All the data that follows should be repeated exactly, without a single picture.

*** Data provided Section Begins ***

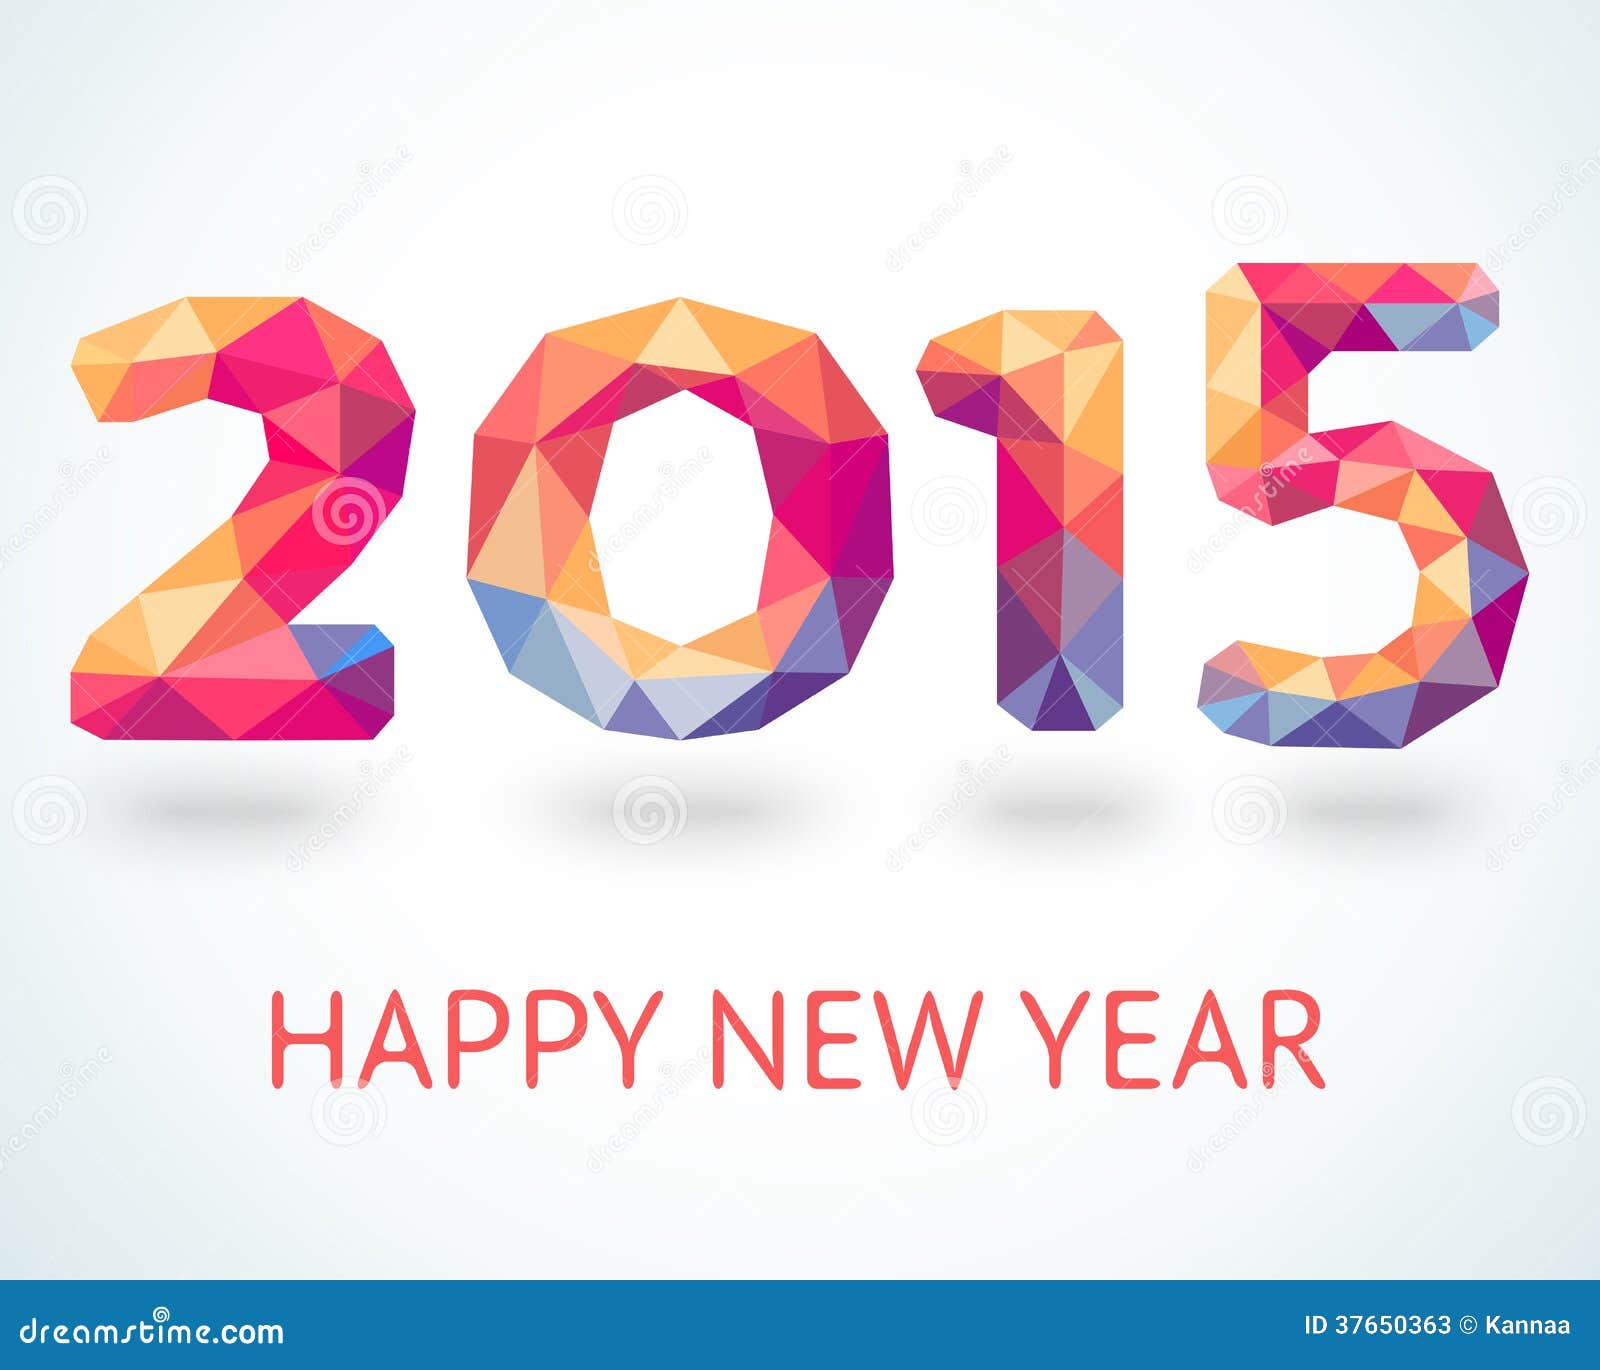 new year's day 2015 clipart - photo #8
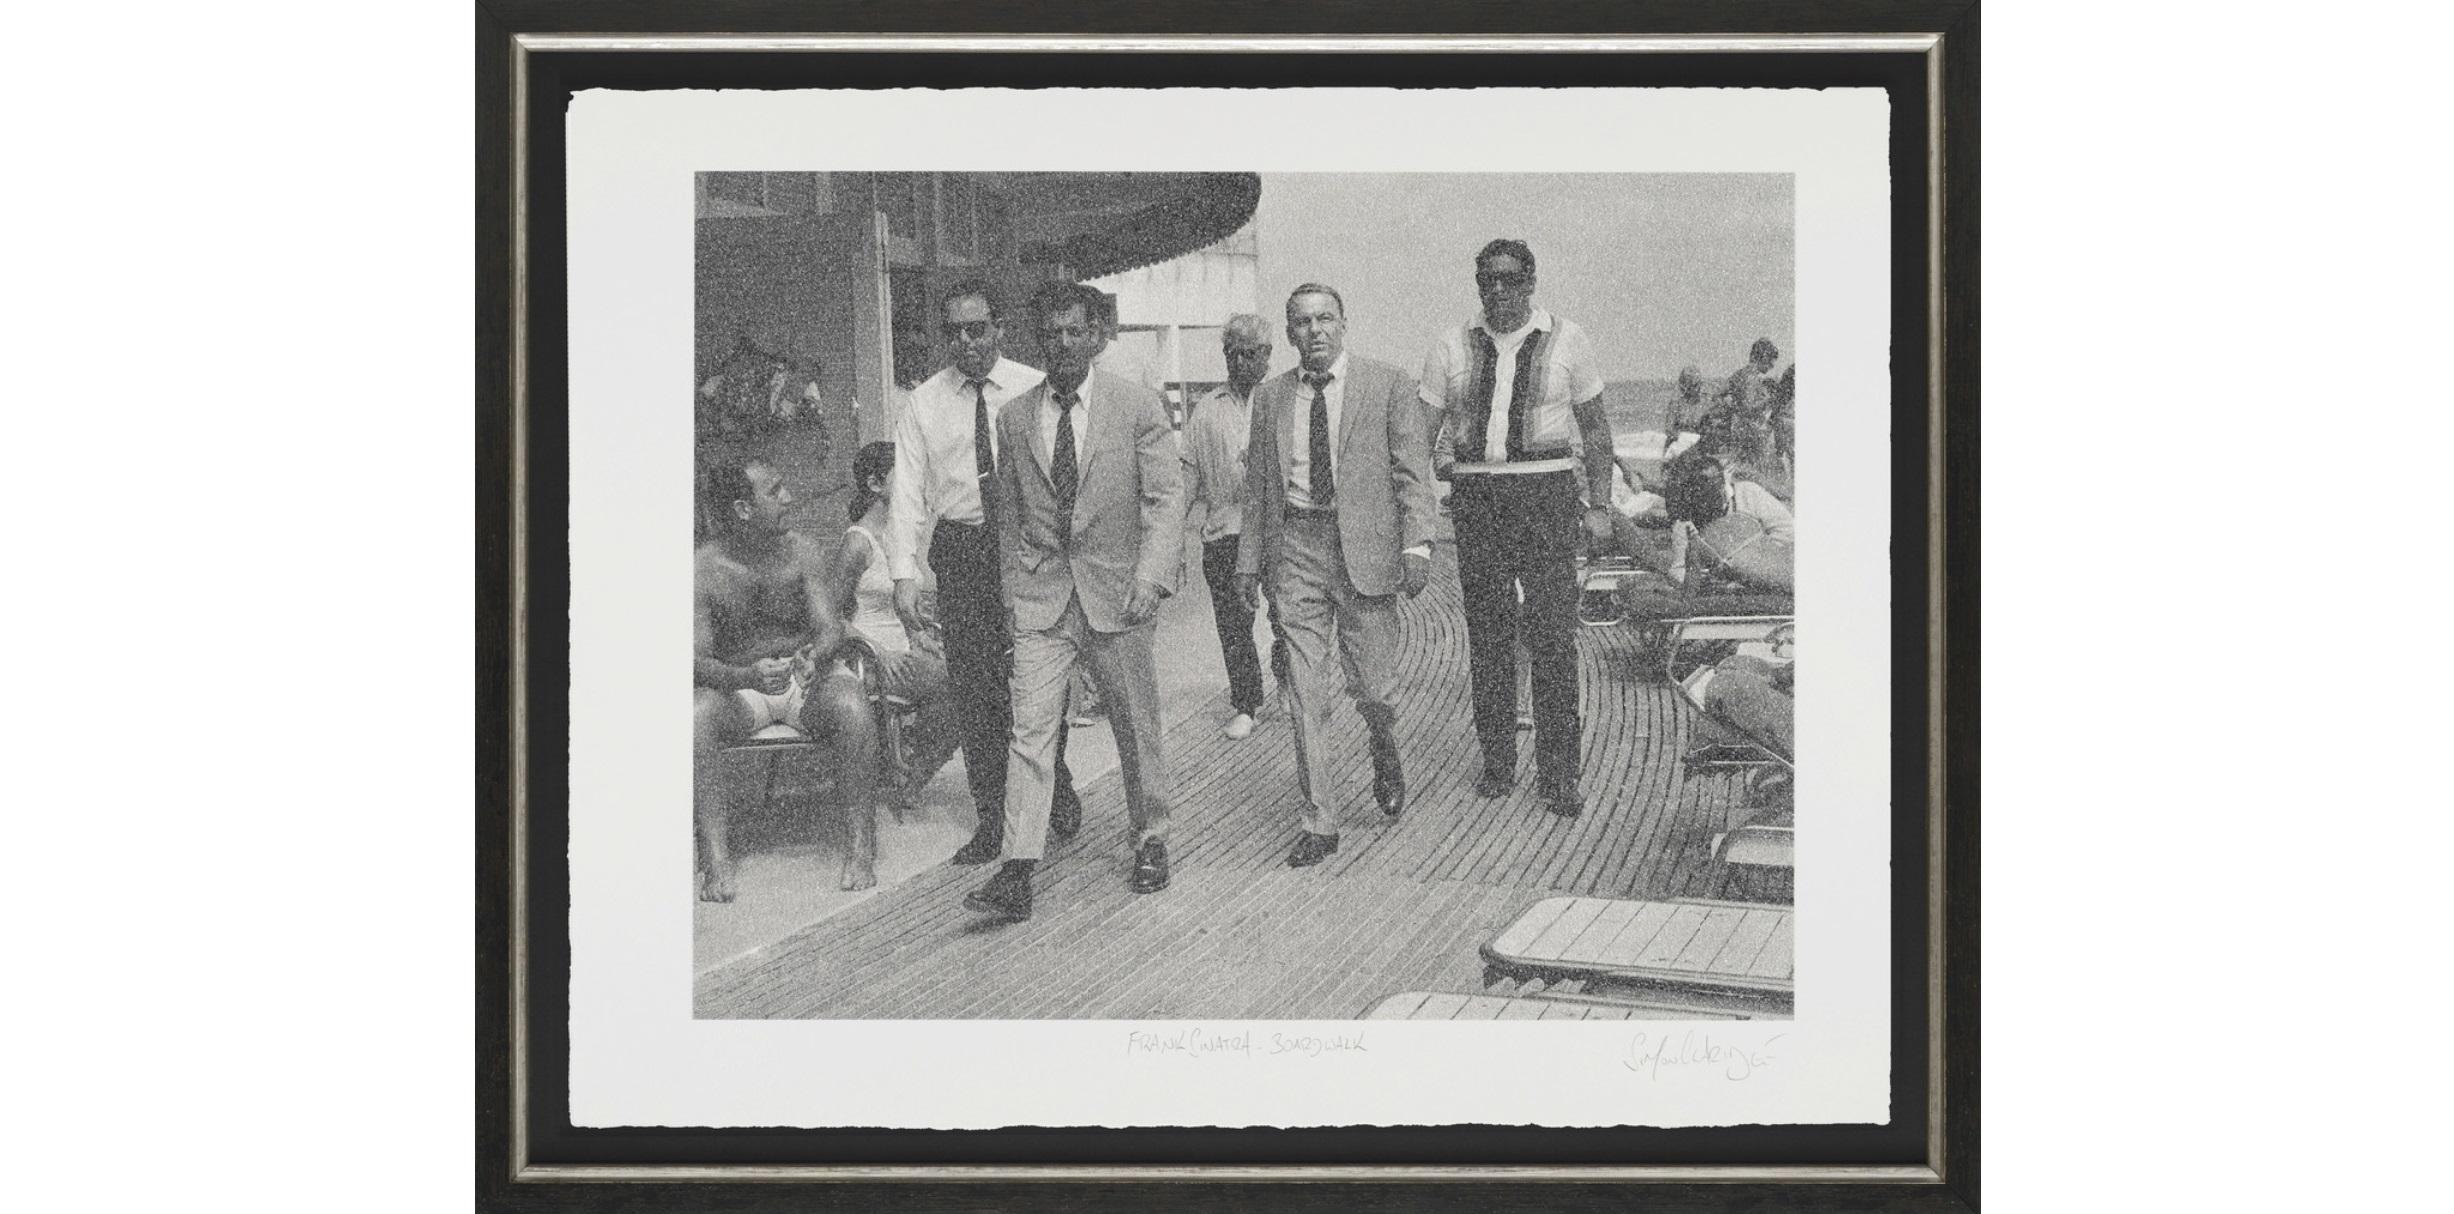 Frank Sinatra Boardwalk, Silkscreen on Paper Painting by Simon Claridge

Whilst working at an art gallery, Simon spent his nights painting feverishly – consumed by the dream of one day having his own work hanging on the walls. One morning, he

*** Data provided Section Ends ***

▸ Answer box:
 new year's day 2015 clipart - photo #8
 Frank Sinatra Boardwalk, Silkscreen on Paper Painting by Simon Claridge

Whilst working at an art gallery, Simon spent his nights painting feverishly – consumed by the dream of one day having his own work hanging on the walls. One morning, he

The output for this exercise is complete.